◆ Problem
Please, from the entries below, transcribe exactly the lines that begin at the line with "PIXIE Sportkleding - Pretty in Pink!" and end at the line with "2c594fcf64caaf L.K.Bennett Scarlet", without the pictures.
(Working data begins)
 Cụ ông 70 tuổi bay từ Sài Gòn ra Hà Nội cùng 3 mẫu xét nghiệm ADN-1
(Working data ends)
(Working data begins)
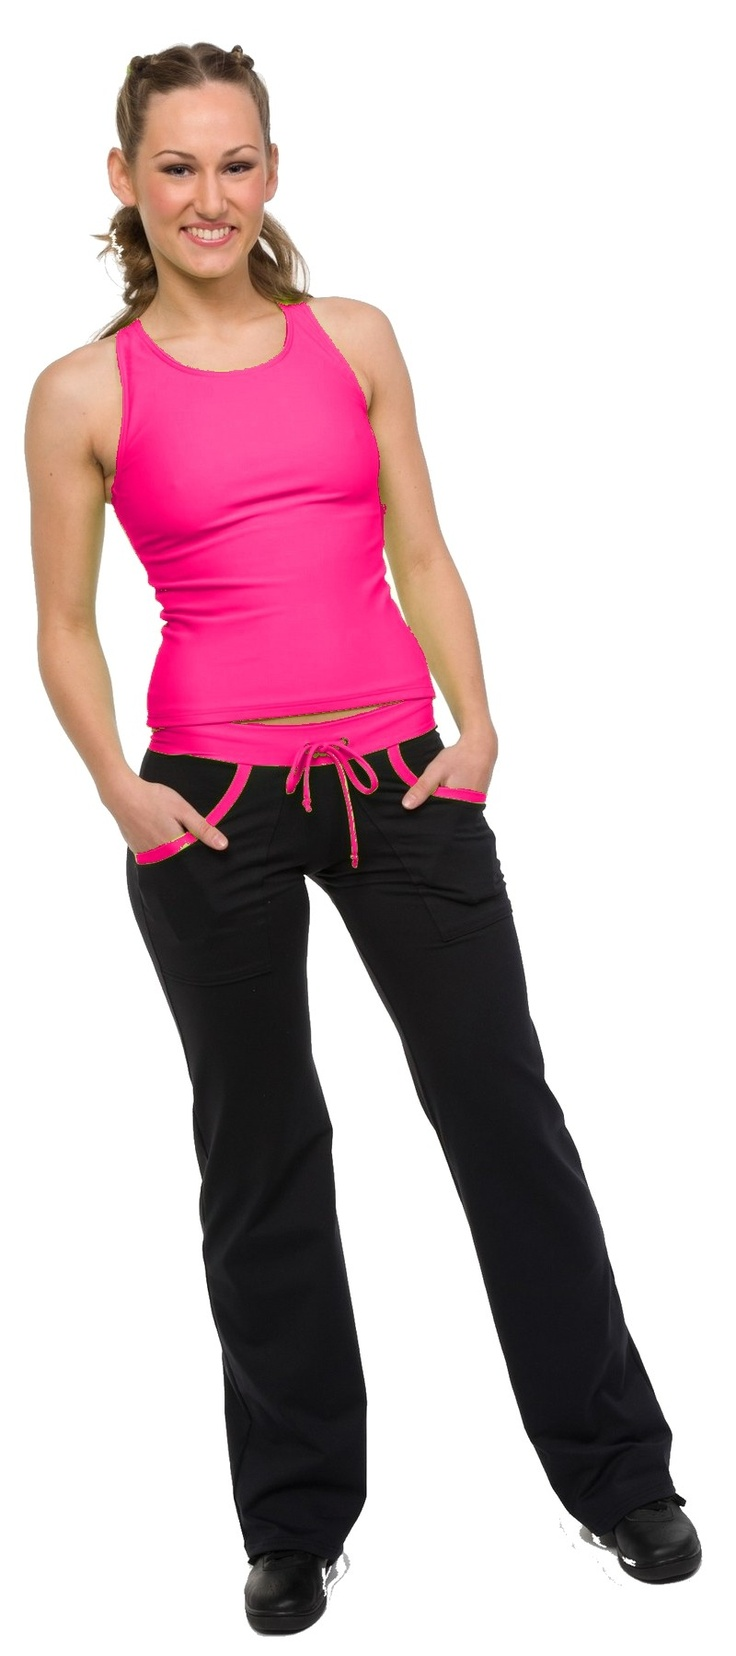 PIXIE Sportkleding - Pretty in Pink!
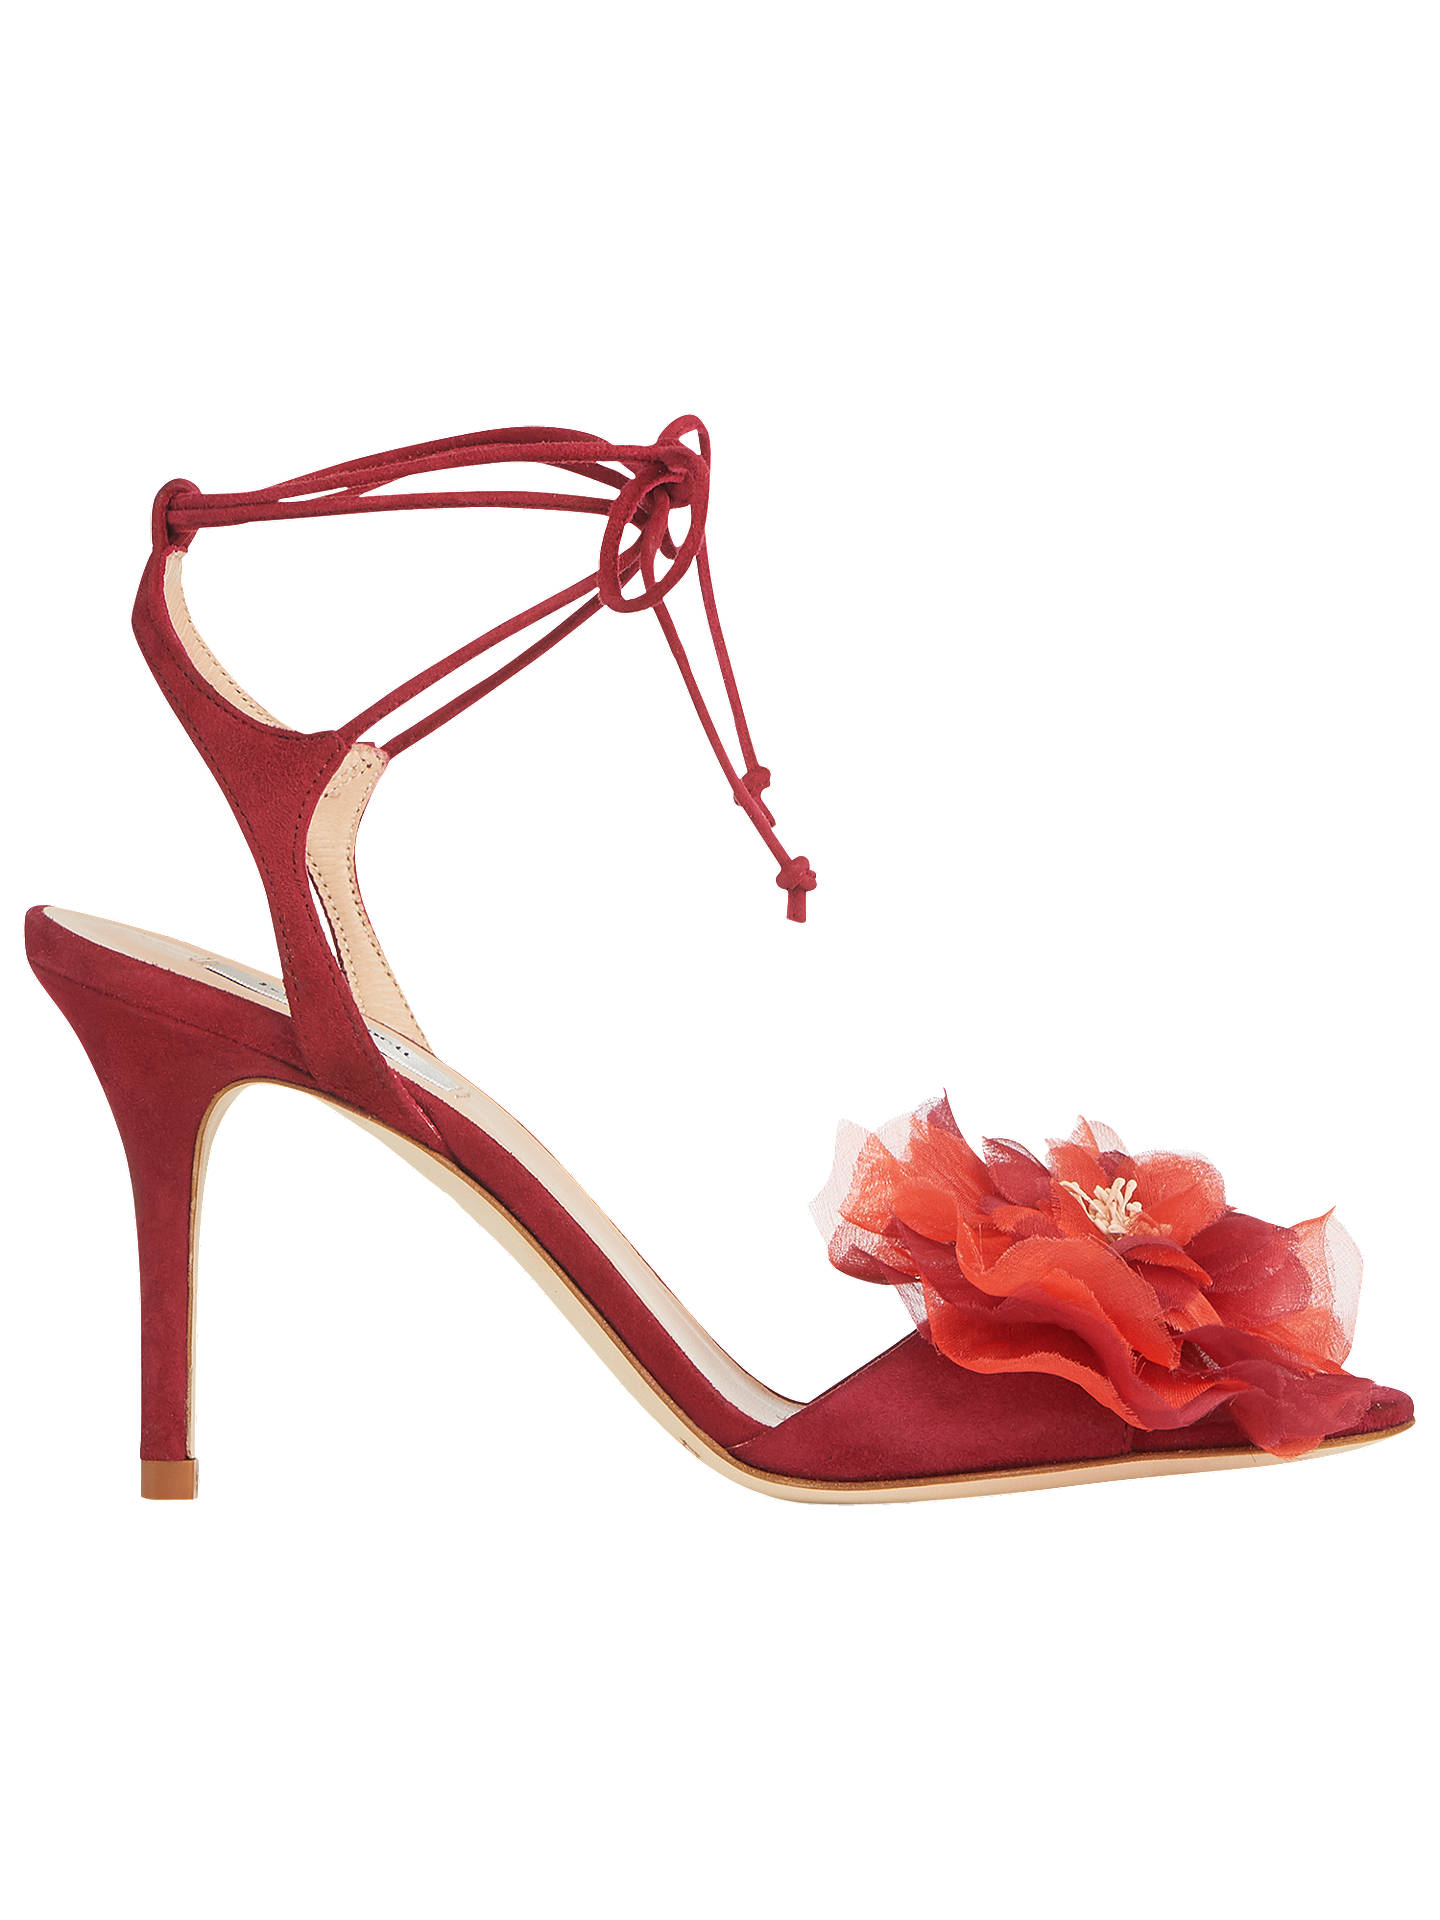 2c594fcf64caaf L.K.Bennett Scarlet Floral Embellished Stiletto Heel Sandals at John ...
(Working data ends)
◆ Reply to the task
 PIXIE Sportkleding - Pretty in Pink!
 2c594fcf64caaf L.K.Bennett Scarlet Floral Embellished Stiletto Heel Sandals at John ...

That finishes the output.